GOAL OF THE EXERCISE
Word for word, repeat the data; no picture should appear in the result.

GIVEN MATERIAL
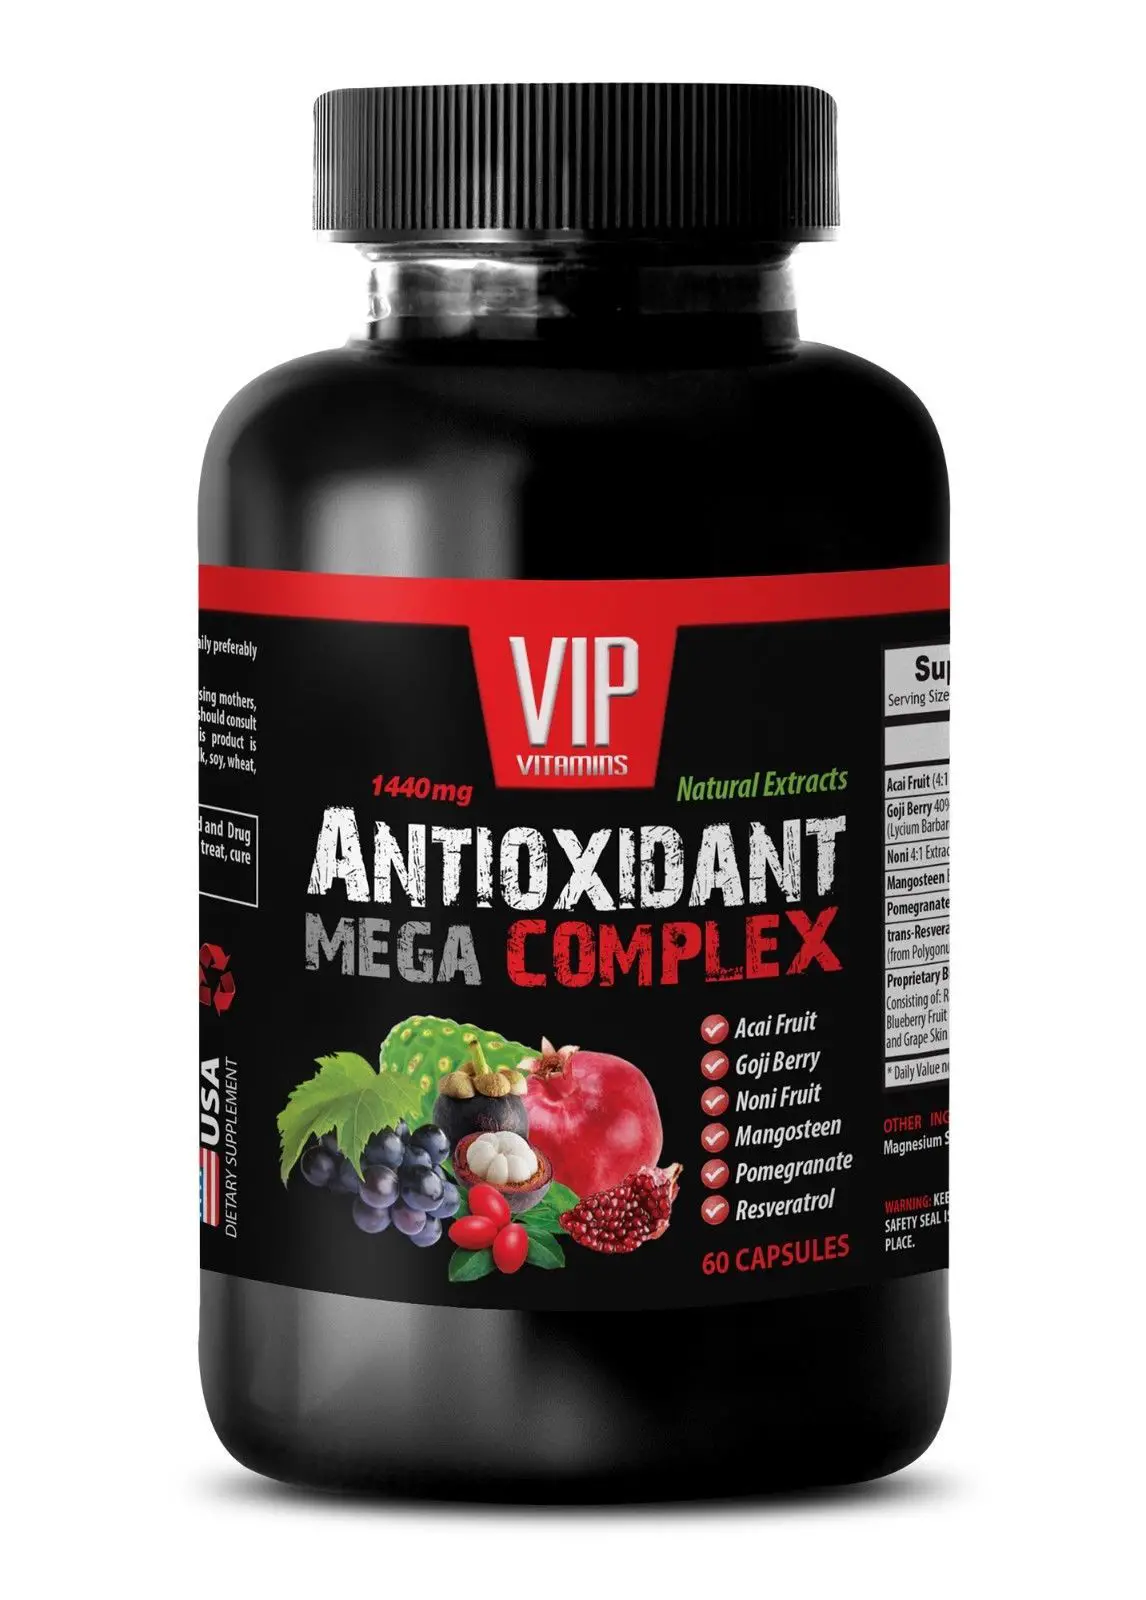 Antioxidant supplement best seller
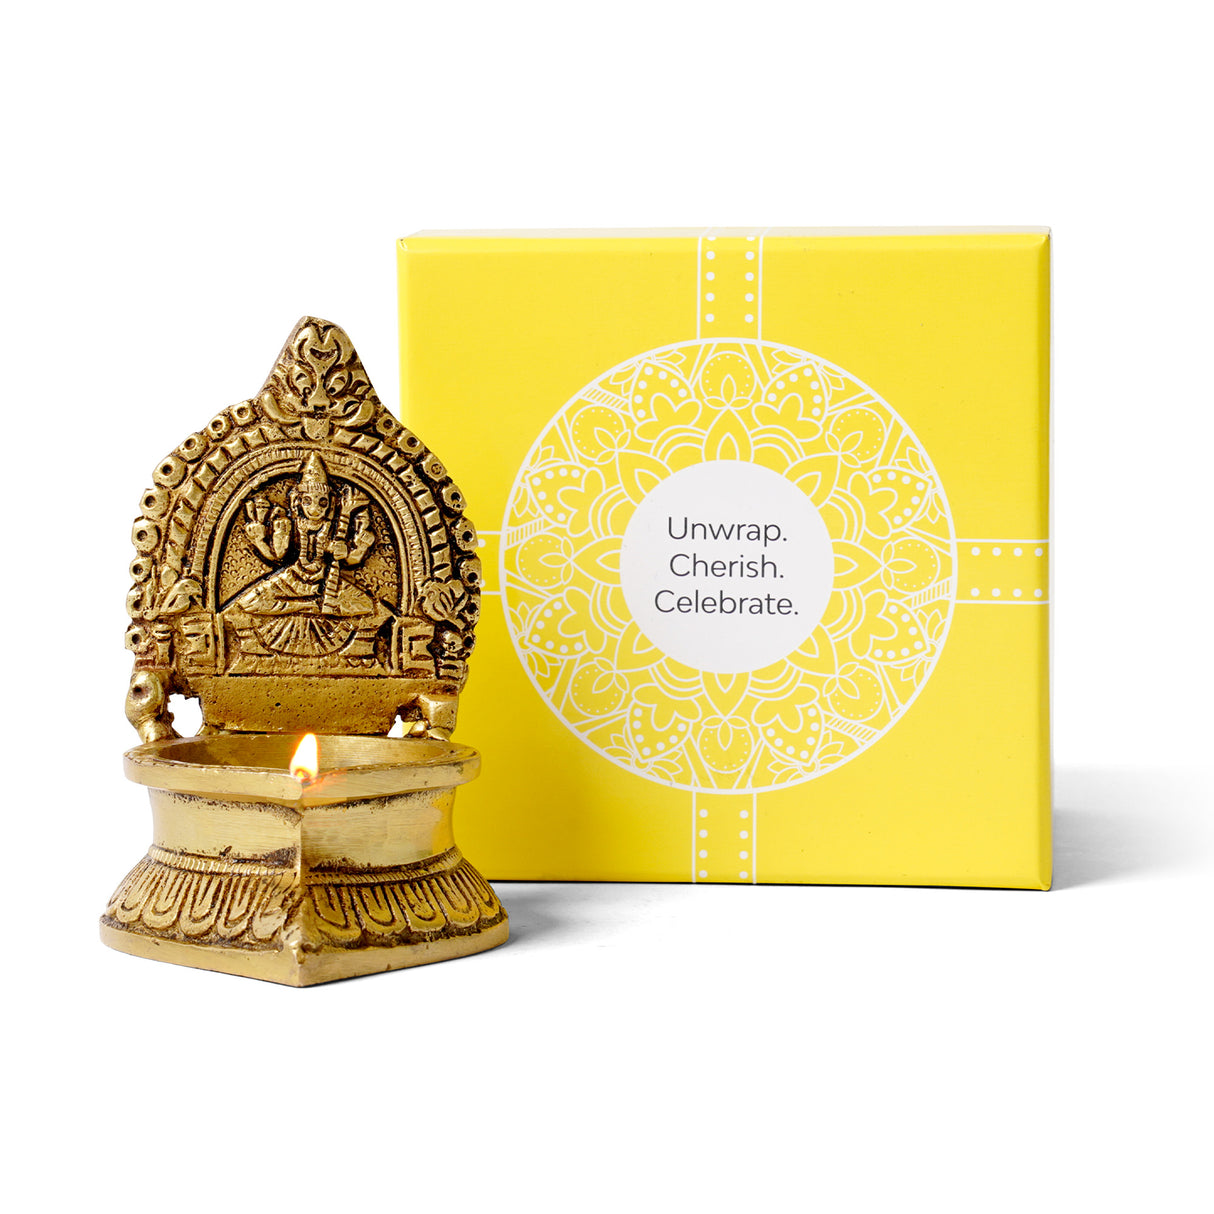 Kamakshi Diya Gift Box
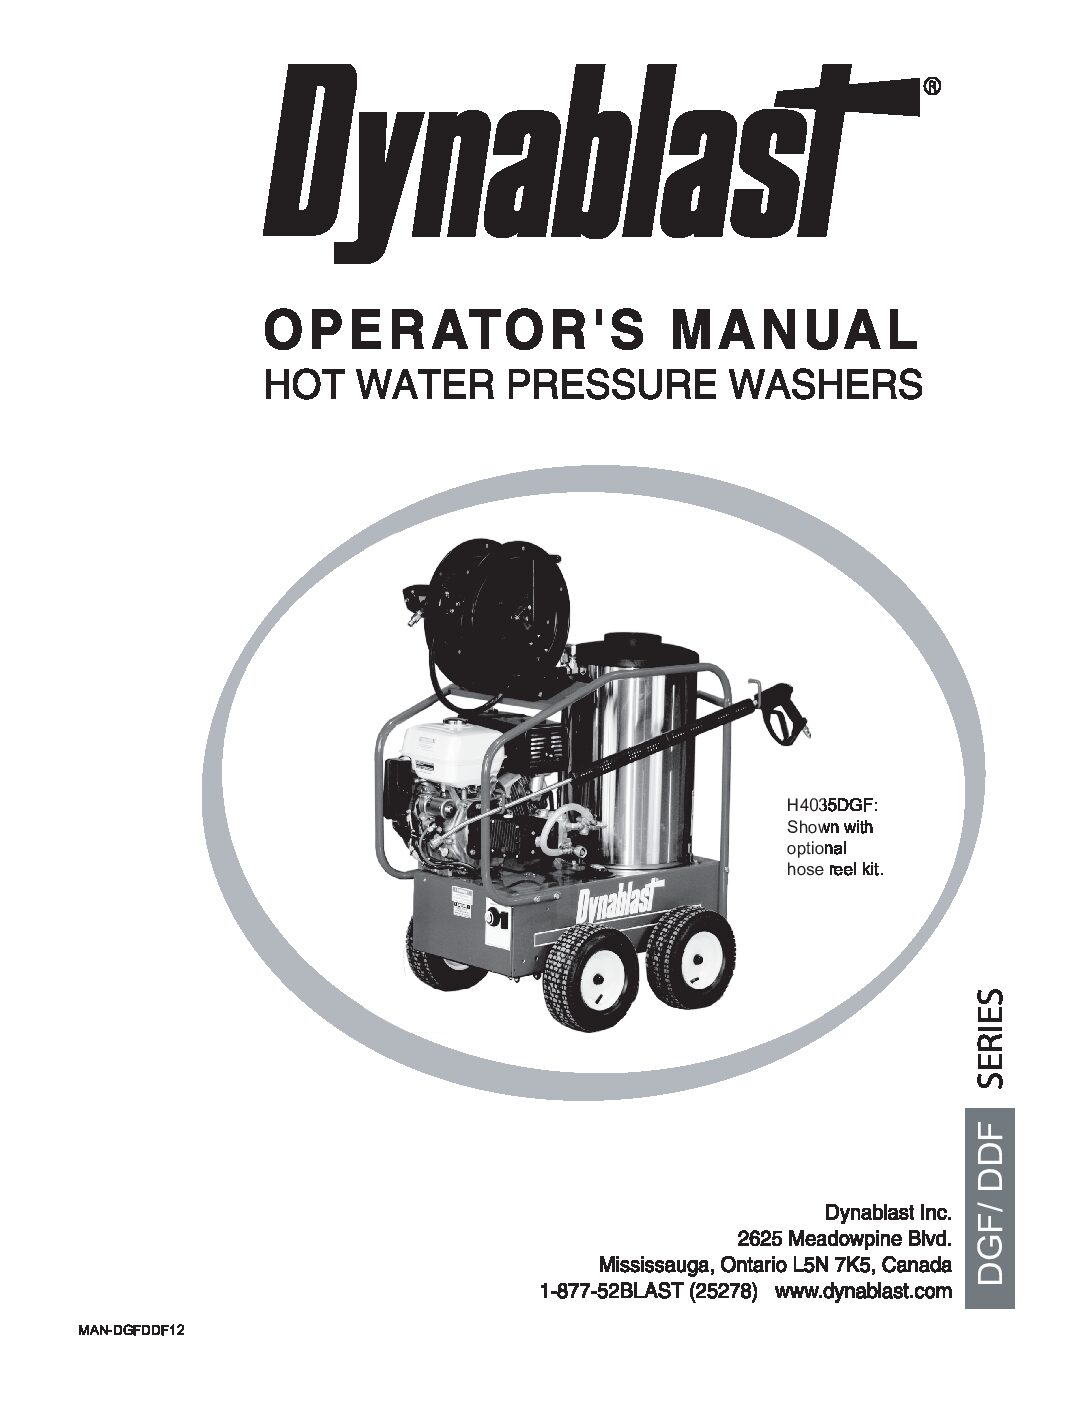 Manual English - Dynablast H4035DGF Hot Water Pressure Washer

EXERCISE SOLUTION
 Antioxidant supplement best seller
 Kamakshi Diya Gift Box
 Manual English - Dynablast H4035DGF Hot Water Pressure Washer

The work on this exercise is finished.